Tournament information
- Tour: Scottish LTA
- Founded: 1882; 143 years ago
- Location: Moffat, Dumfriesshire, Dumfries and Galloway, Scotland
- Surface: Grass

= South of Scotland Championships =

The South of Scotland Championships also known as the South of Scotland Lawn Tennis Championships is a men's and women's grass court tennis tournament first staged in 1882 at the Beachgrove Grounds, Moffat, Dumfriesshire, Scotland. The championships ran as part of the ILTF World Circuit until 1969. Today its part regional Tennis Scotland circuit.

==History==
South of Scotland Championships was first held in the early 1880s on the grass courts of Beechgrove Lawn Tennis Club in Moffat in Southern Scotland.

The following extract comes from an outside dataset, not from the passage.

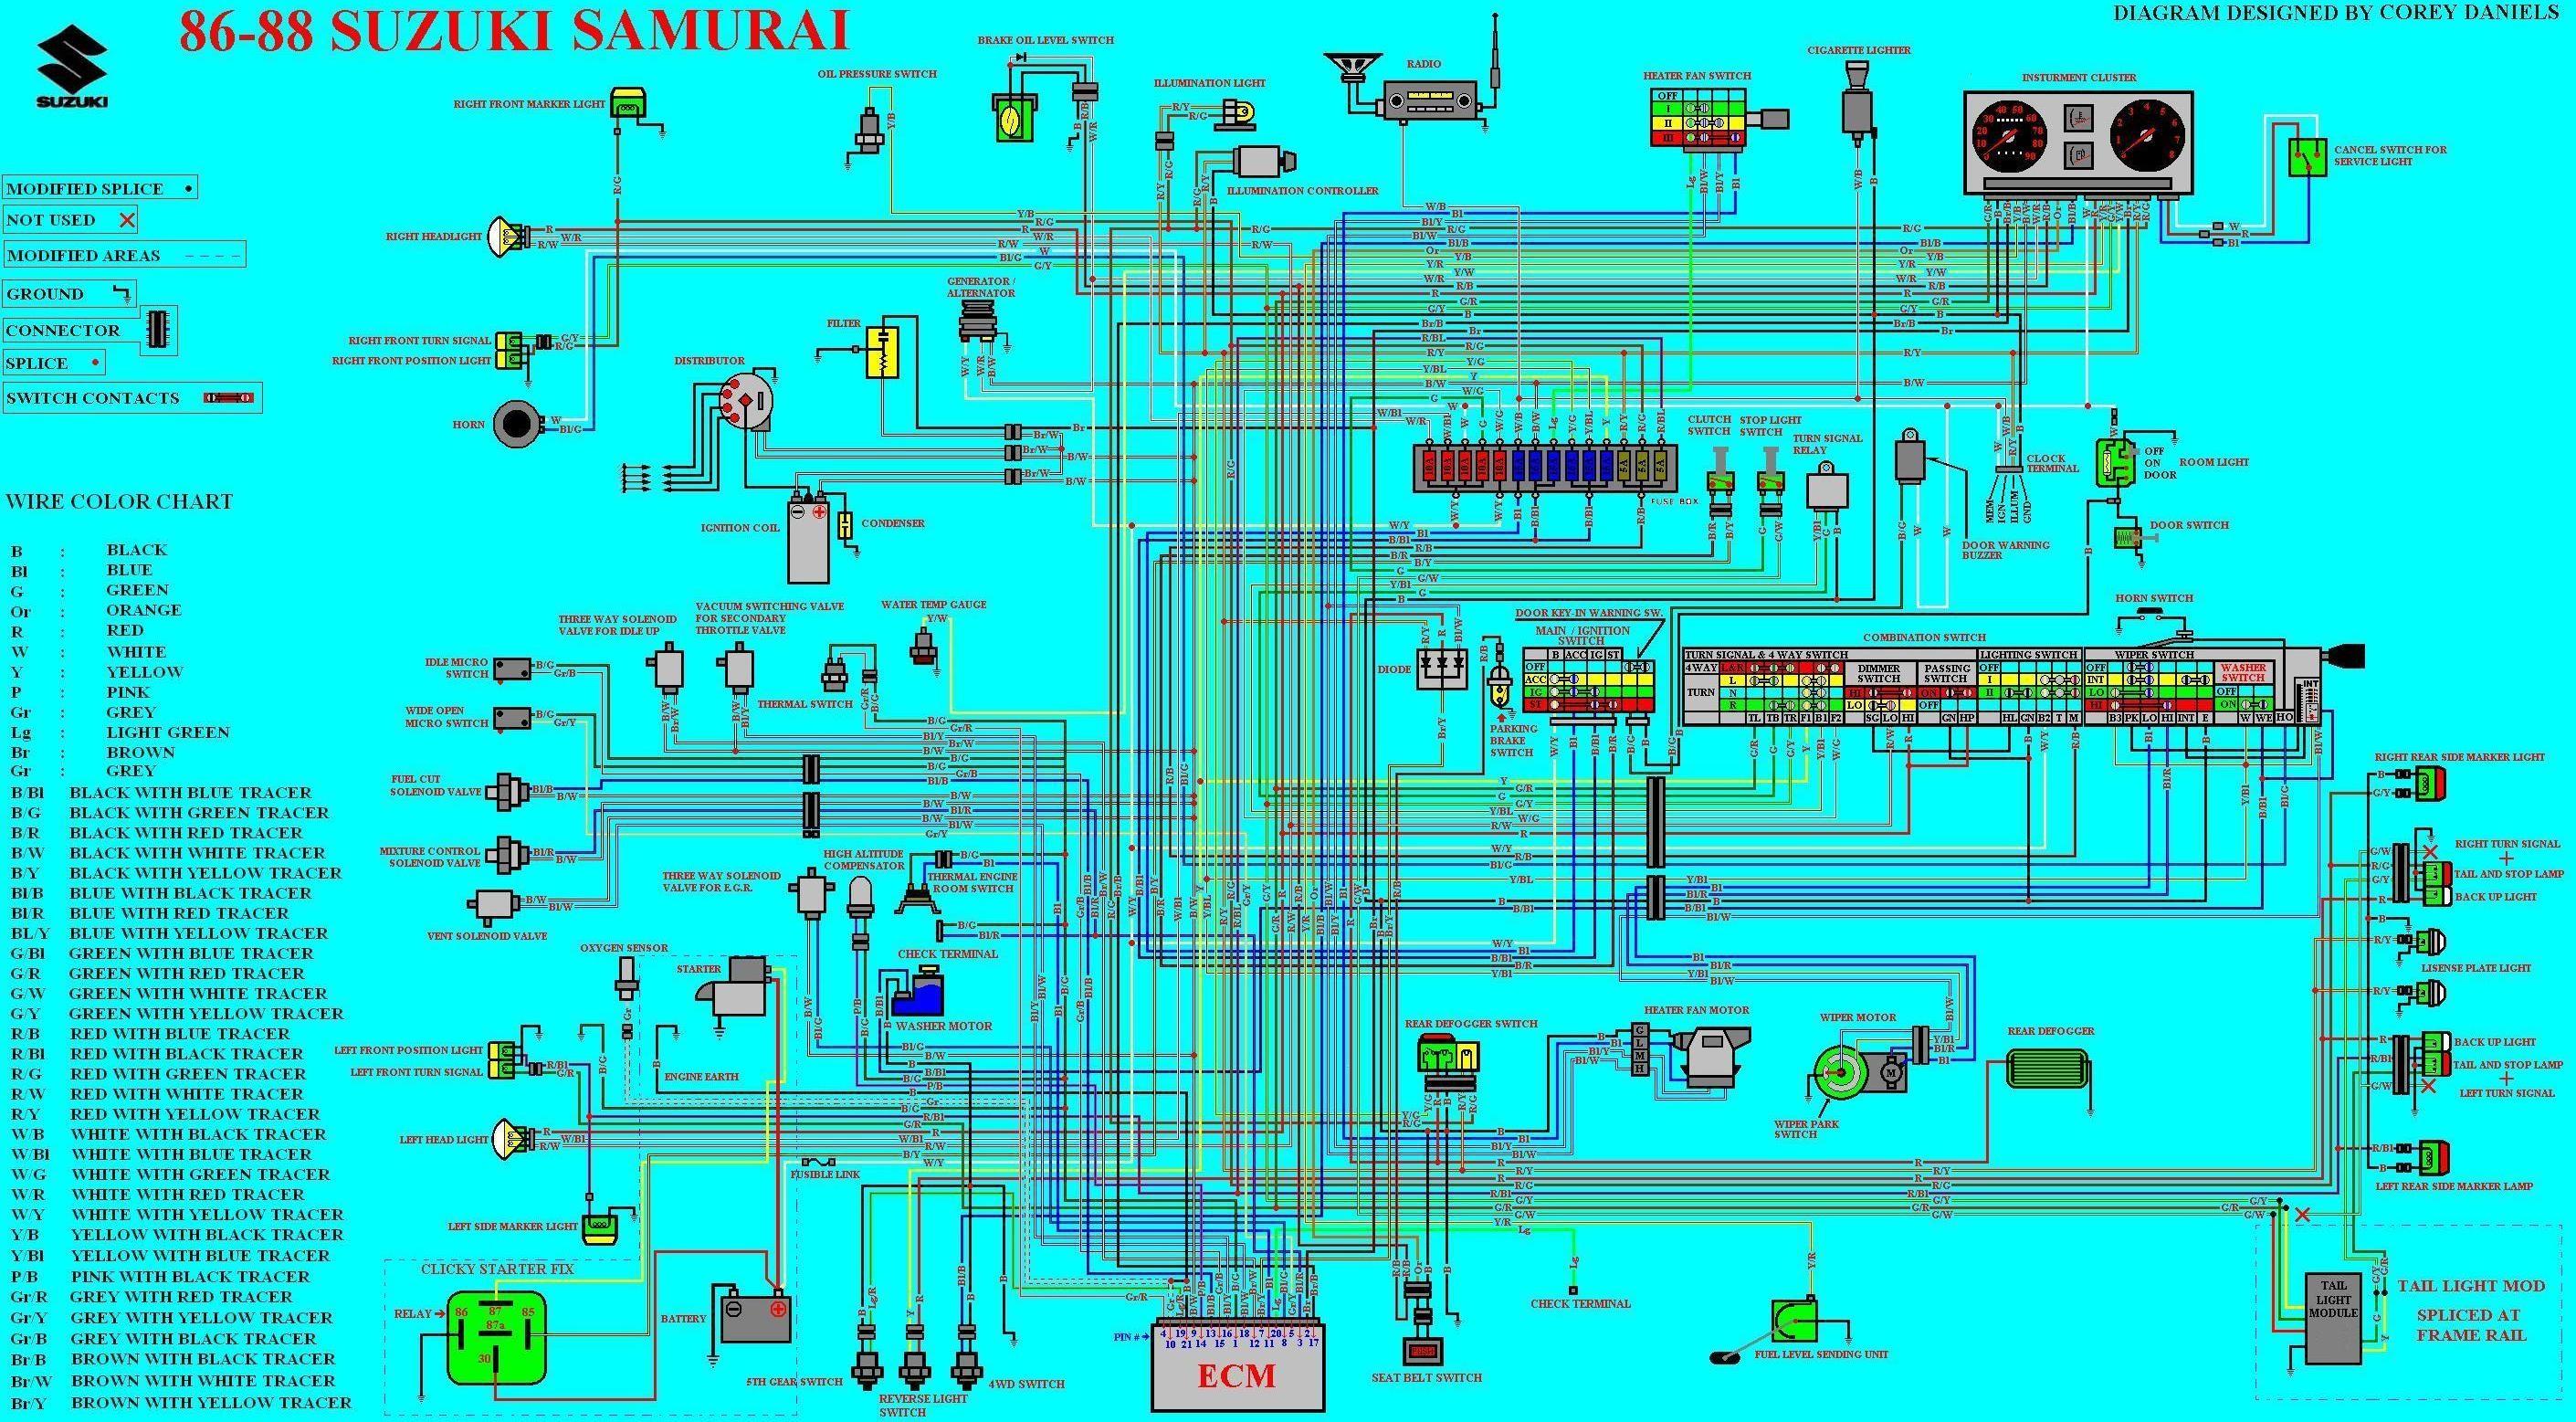 Suzuki Samurai Wiring Schematic 6678 2005 Suzuki Boulevard C50 Wiring Diagram Schematic Of Suzuki Samurai Wiring Schematic

No tournament was held in the years 1895-1907 due to Moffat being the host for the Scottish Lawn Tennis Championships. The championships ran as part of the international worldwide tour until 1967.

Since no longer a part of the worldwide tennis tour a smaller South of Scotland Championships tournament is no longer held at Beechgrove Tennis Club in Moffat due to the lack of support from the club. It has been moved to the nearby Dumfries Tennis Club, who now fully support the event and are trying to grow it back up what it used to be. The modern tournament is held on hard courts.

==Venue==
The grounds at Beechgrove were laid out in 1870. The original Beechgrove Lawn Tennis Club in Moffat was one of the founding members of the Scottish Lawn Tennis Association (now Tennis Scotland) in 1895.